To further elucidate this association, PIBF1 knockdown was achieved using 200 pmol pooling served-three siRNAs of PIBF1 (NM_001349655.1: cat no. 10464–1, 10,464–2, and 10,464–3; Bioneer, Korea). H578T cells were transfected using the Lipofectamine® RNAiMAX (Invitrogen, Carlsbad, CA, USA) reagent according to the manufacturer’s instructions.

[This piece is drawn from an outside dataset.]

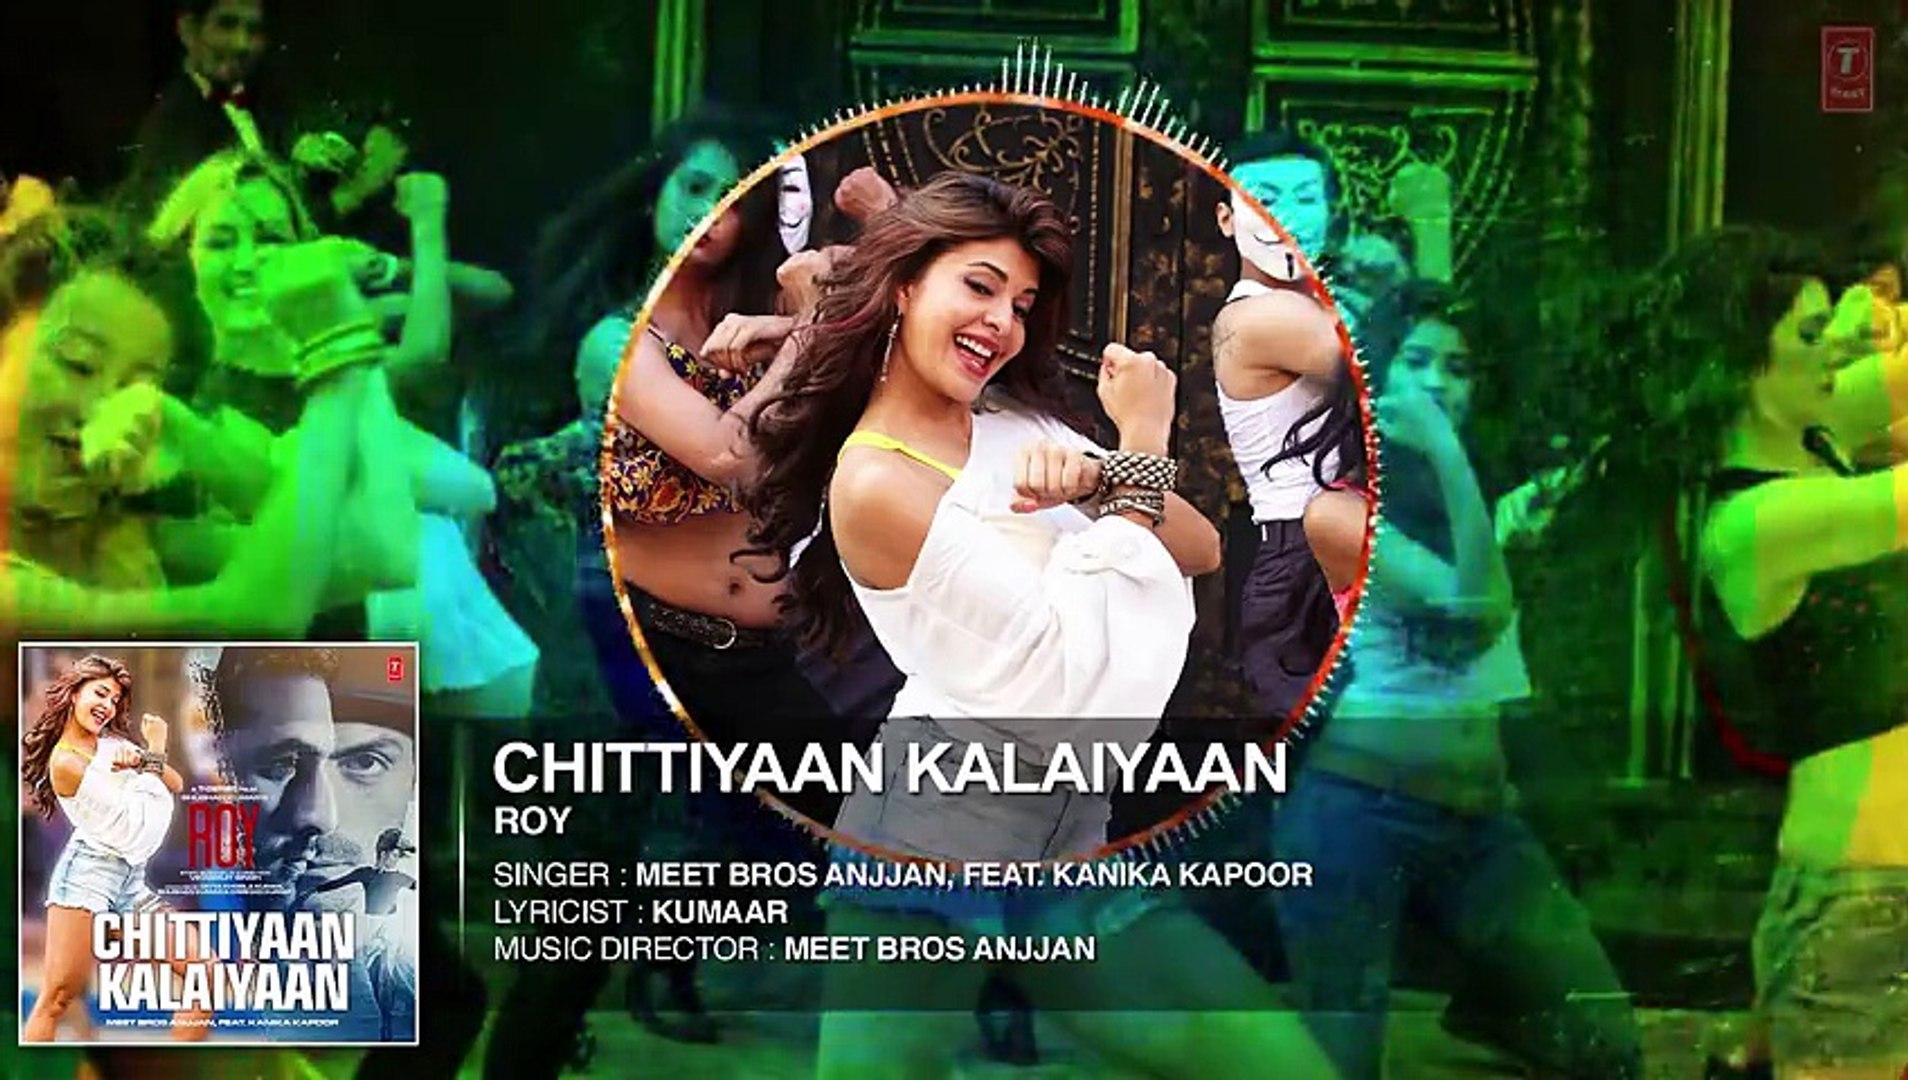 Official Chittiyaan Kalaiyaan FULL HD AUDIO SONG | Roy | Meet Bros Anjjan | Jacqueline Fernandez | 7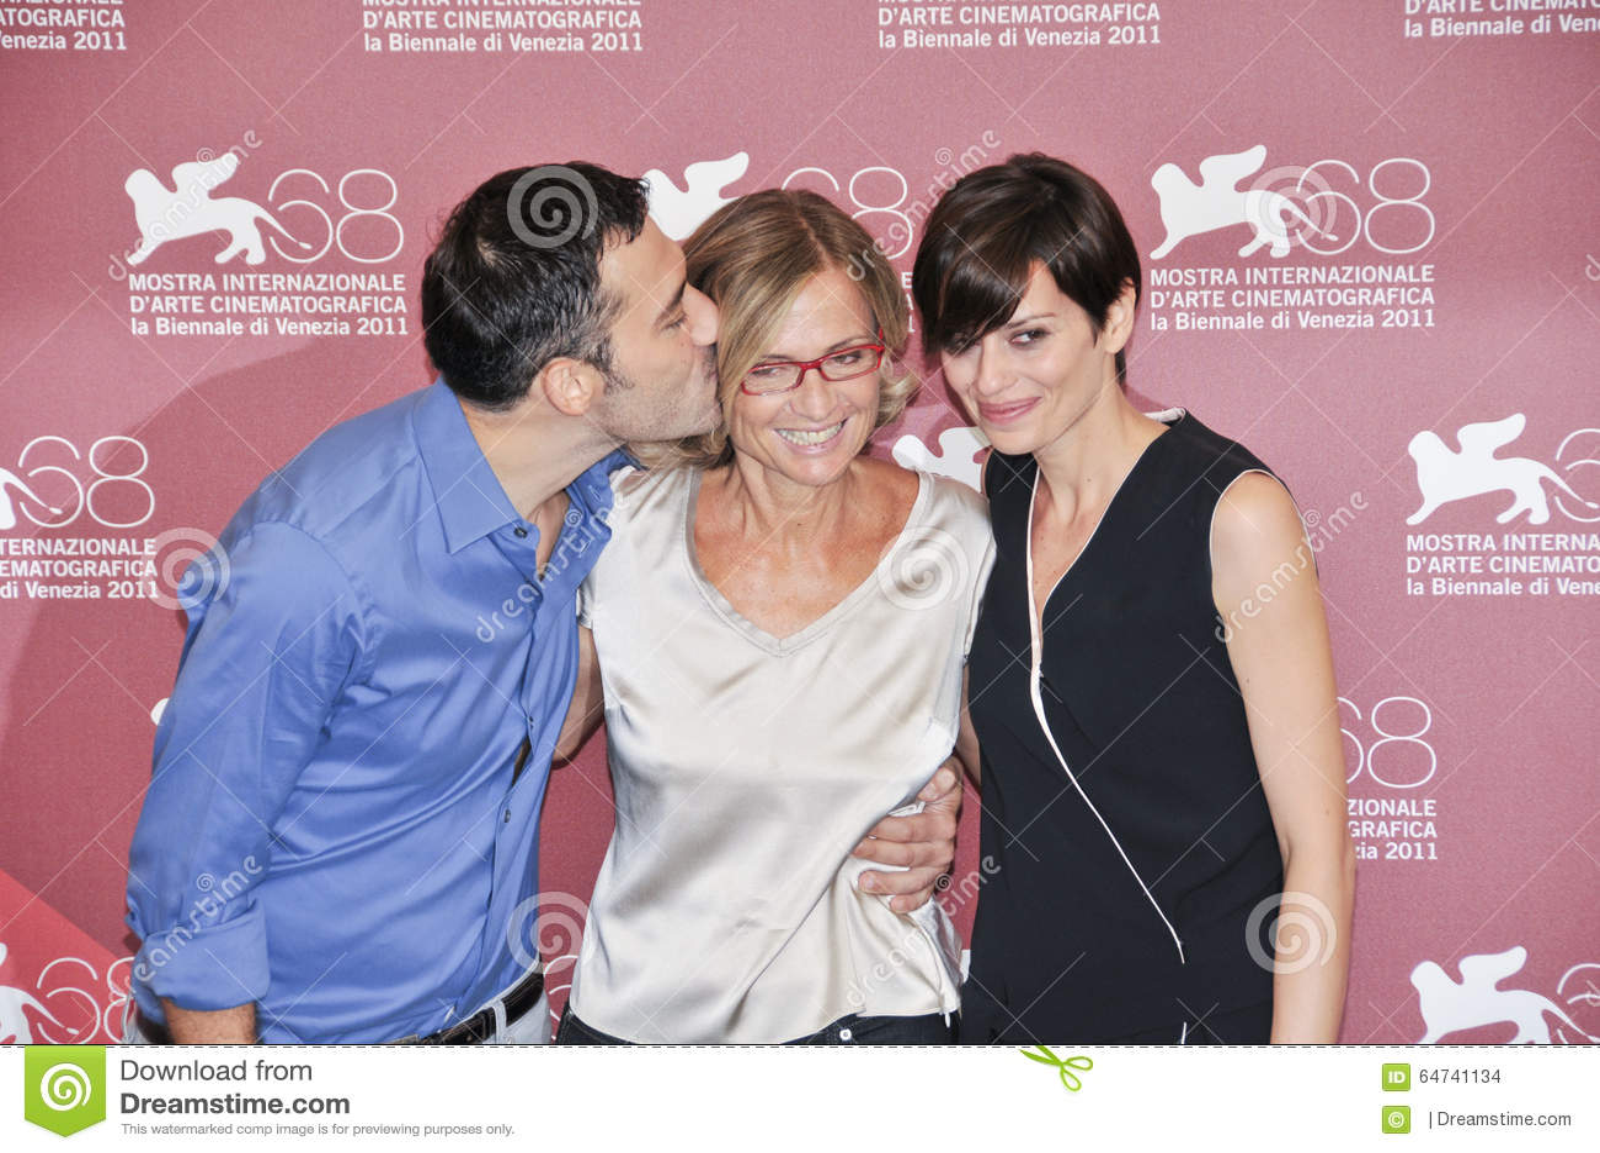 Actores Filippo Timi, Cristina Comencini y Claudia Pandolfi

Cell viability was ascertained using the EZ-Cytox Cell Viability Assay Kit, measured at 450 nm. The implications of PIBF1 manipulation were assessed by comparing the relative cell viability of the knockdown cohort to its control counterpart.
Results
Patients’ characteristics
Table 1 provides a comparison of clinical and histopathological parameters in a cohort of 469 patients with breast cancer, categorized into non-TNBC (n = 238) and TNBC (n = 231). The age distribution was remarkably consistent across both groups, with a mean age of 47.4 ± 9.1 years. In terms of surgical interventions, breast-conserving surgery was opted for by 55.0% of the non-TNBC population, in contrast to a larger 70.0% in the TNBC category. In contrast, 45.0% of non-TNBC patients elected for a total mastectomy, compared with a lesser 30.0% in the TNBC. This divergence in surgical choices was statistically significant (p = 0.001). Significant discrepancies (p = 0.015) were observed in tumor stages. T2 tumors were predominantly diagnosed in the TNBC subset (60.2%) compared with 48.3% in their non-TNBC counterparts. In the non-TNBC category exclusively, receptor statuses showed that 77.3% were estrogen receptor (ER)-positive, 60.9% were progesterone receptor (PGR)-positive, and a significant 66.7% were HER2-negative. A rigorous analysis of tumor grades unveiled that patients with TNBC predominantly had G3 histologic (82.0%) and nuclear (82.5%) grades, in stark contrast to the 35.3% and 36.6%, respectively, in the non-TNBC category. These grading variations bore statistical significance (p < 0.001). Expression analyses showed a marked upregulation of p53 in TNBC, with a pronouncedly strong expression in 43.0% of cases, dwarfing the 14.9% observed in non-TNBC. These expression differentials were statistically significant (p < 0.001). Furthermore, elevated Ki-67 expression (> 20%) was predominantly observed in the TNBC group at 83.3%, overshadowing the 43.2% in the non-TNBC group (p < 0.001). In therapeutic interventions, radiotherapy was administered to 84.0% of patients with TNBC, which was significantly higher than the 74.4% in the non-TNBC group (p = 0.010).
Table 1.
Comparison of patient characteristics between the non-triple-negative breast cancer (TNBC) and TNBC groups.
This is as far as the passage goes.